10. After All This Borrowed Time (Taylor)
With a strong hint of gospel, powered by Jonny Dyke’s piano and Hammond organ and Matt’s soulful vocal and guitar solos, After All This Borrowed Time muses on life’s bigger issues with a beautifully excecuted backing track and a lyric which at different times touches on love and loss, prosperity and greed and the state of the environment.
11. Nature’s Cruel Design (Butcher/Taylor)
The second track on the album to be co-written by Matt and Mark Butcher Nature’s Cruel Design is a Hendrixian blues-funk-rock-riff-groove, with some incendiary ensemble playing and a sassy Butcher lyric, warning a young man of being drawn to Siren-like, seductive, predatory females who will “remove pieces of you, until you can’t recognise yourself”. We hope for Butch’s sake that the lyrics aren’t based on experience.

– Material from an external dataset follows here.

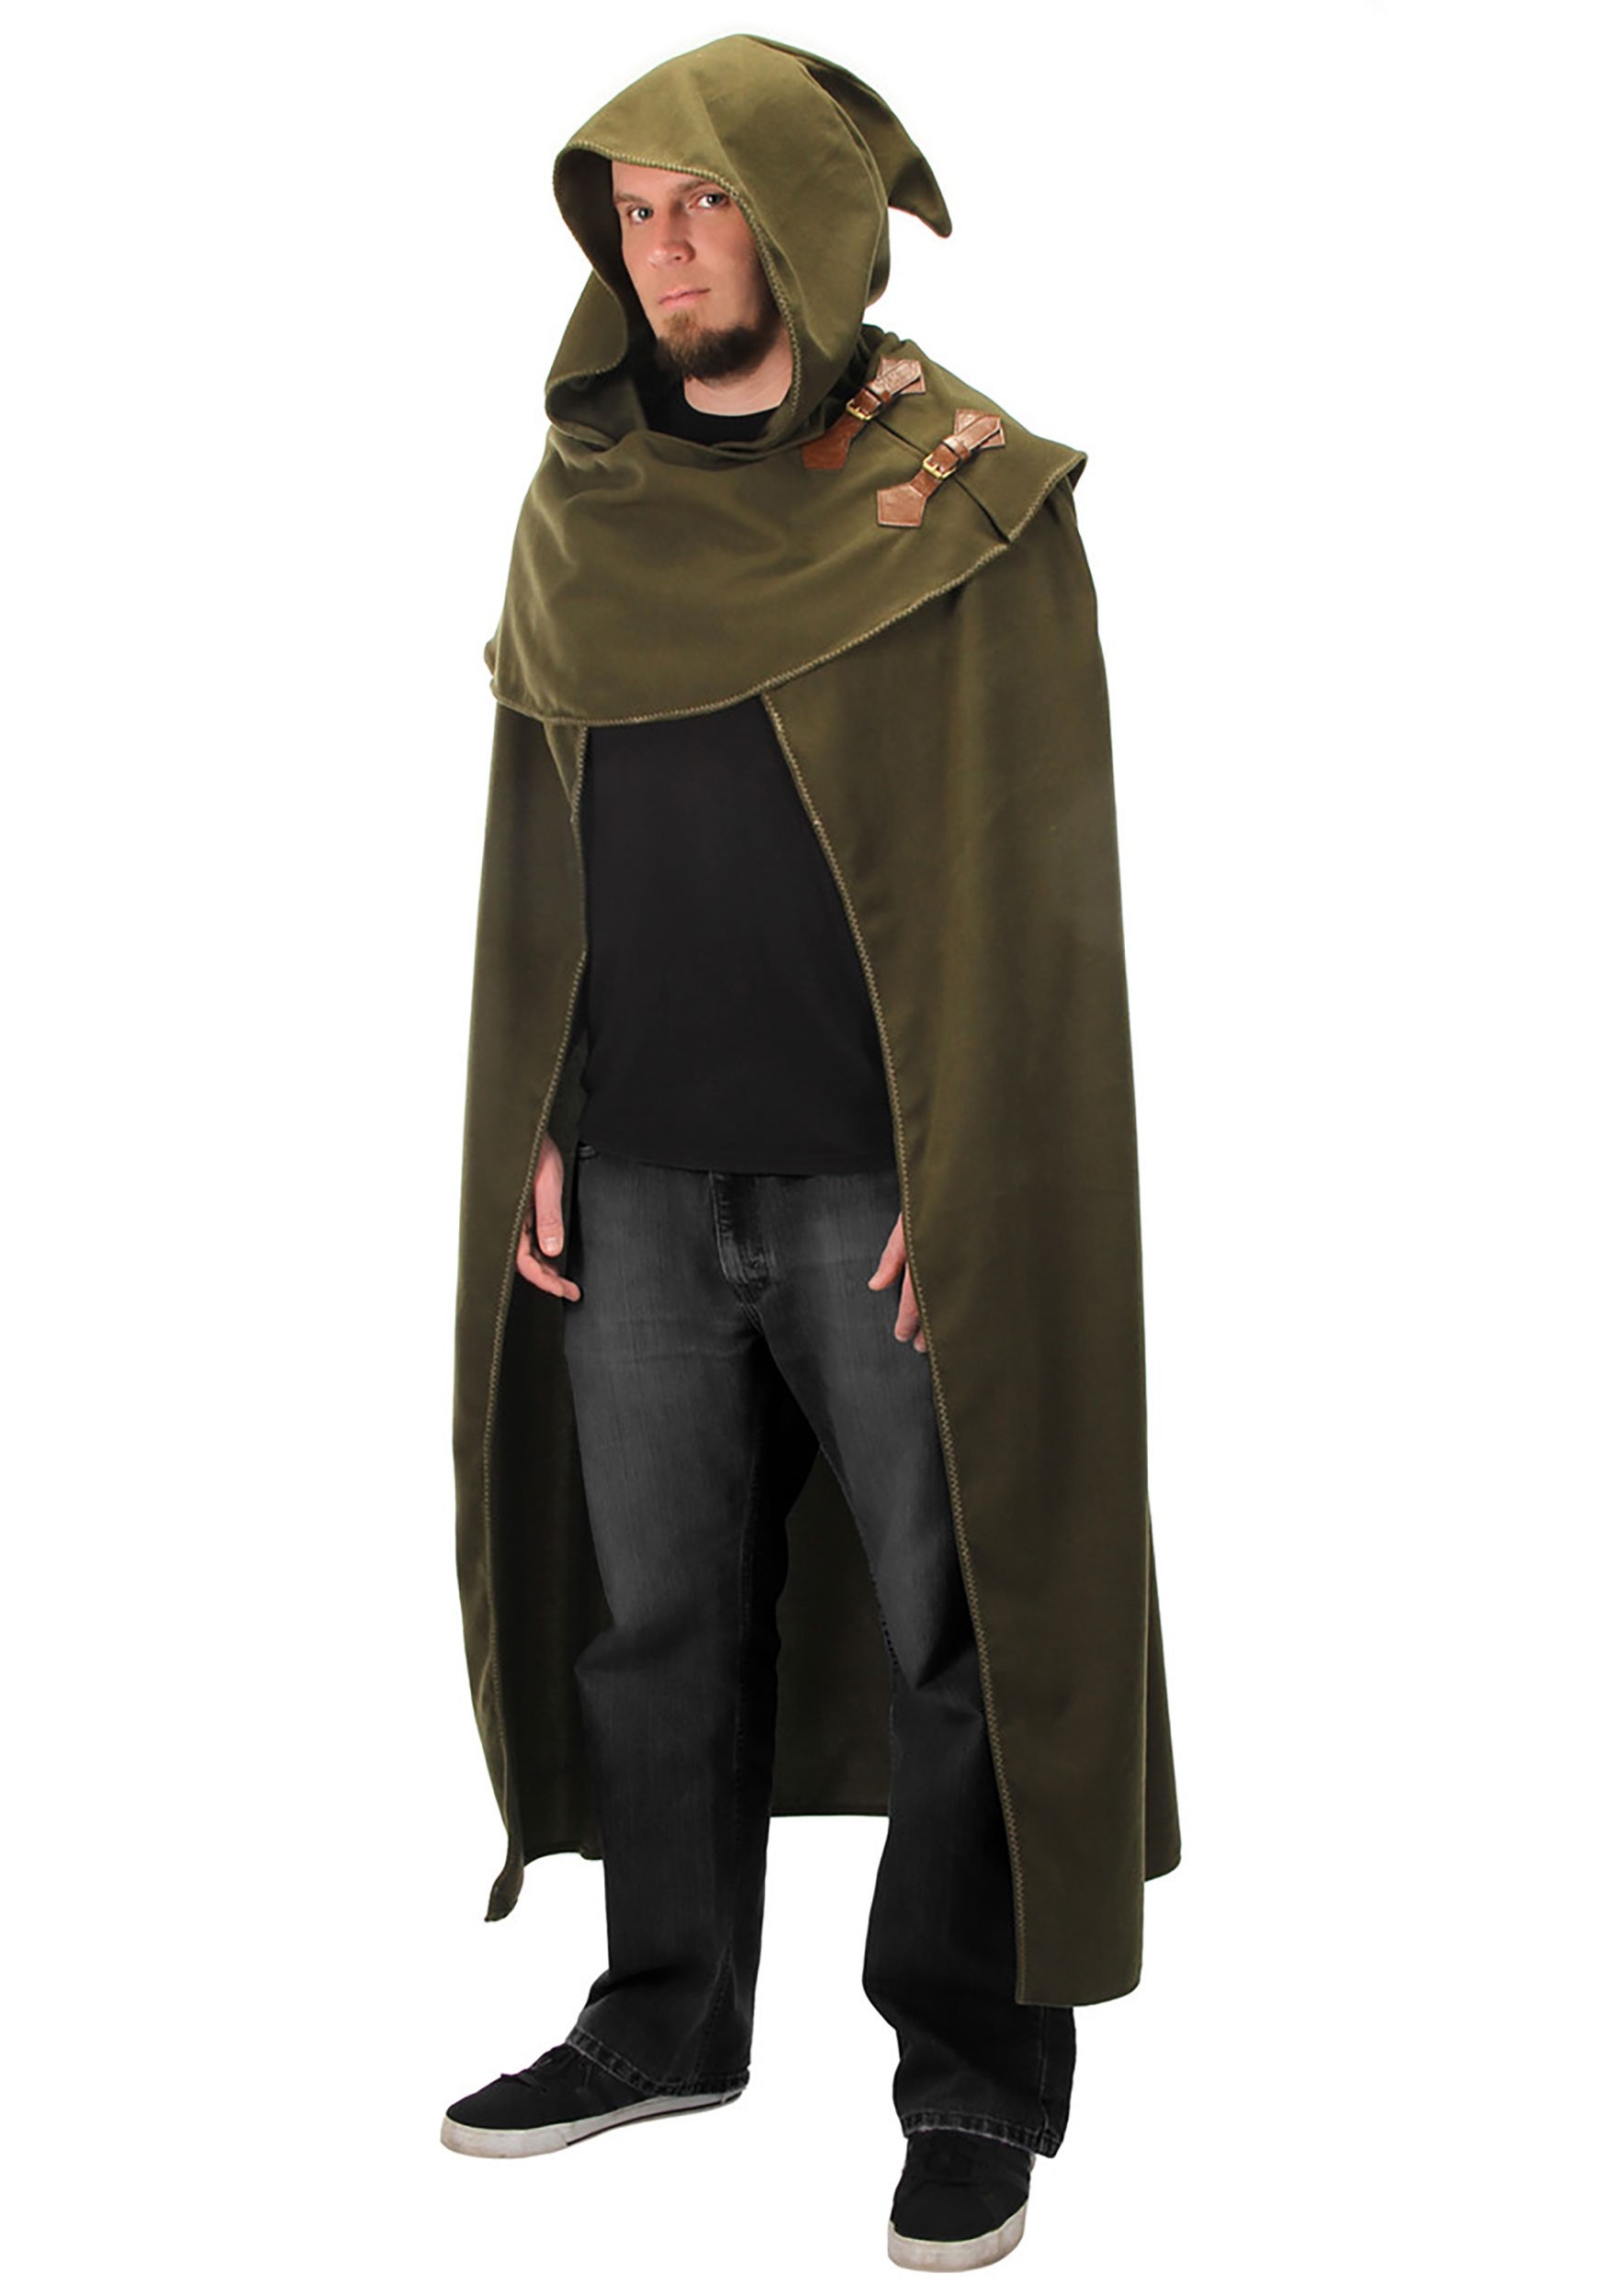  Renaissance Costume for Boys - Kids Medieval Cloak With Hood  Halloween Ranger Wizard Elven Hooded Cape Robe : Clothing, Shoes & Jewelry

12. Baby Don’t Lose My Number (Taylor)
A tongue in cheek ‘50’s homage closes the album with influences from some of Matt’s early heroes including Fats Domino and Eddie Cochrane. With a lyric which sees persistence in the pursuit of love rewarded, Baby Don’t Lose My Number features a Jonny Dyke boogie-woogie piano break flanked by bluesy guitar solos and a coda which echoes the song’s chorus refrain “you never know how this is going to end”.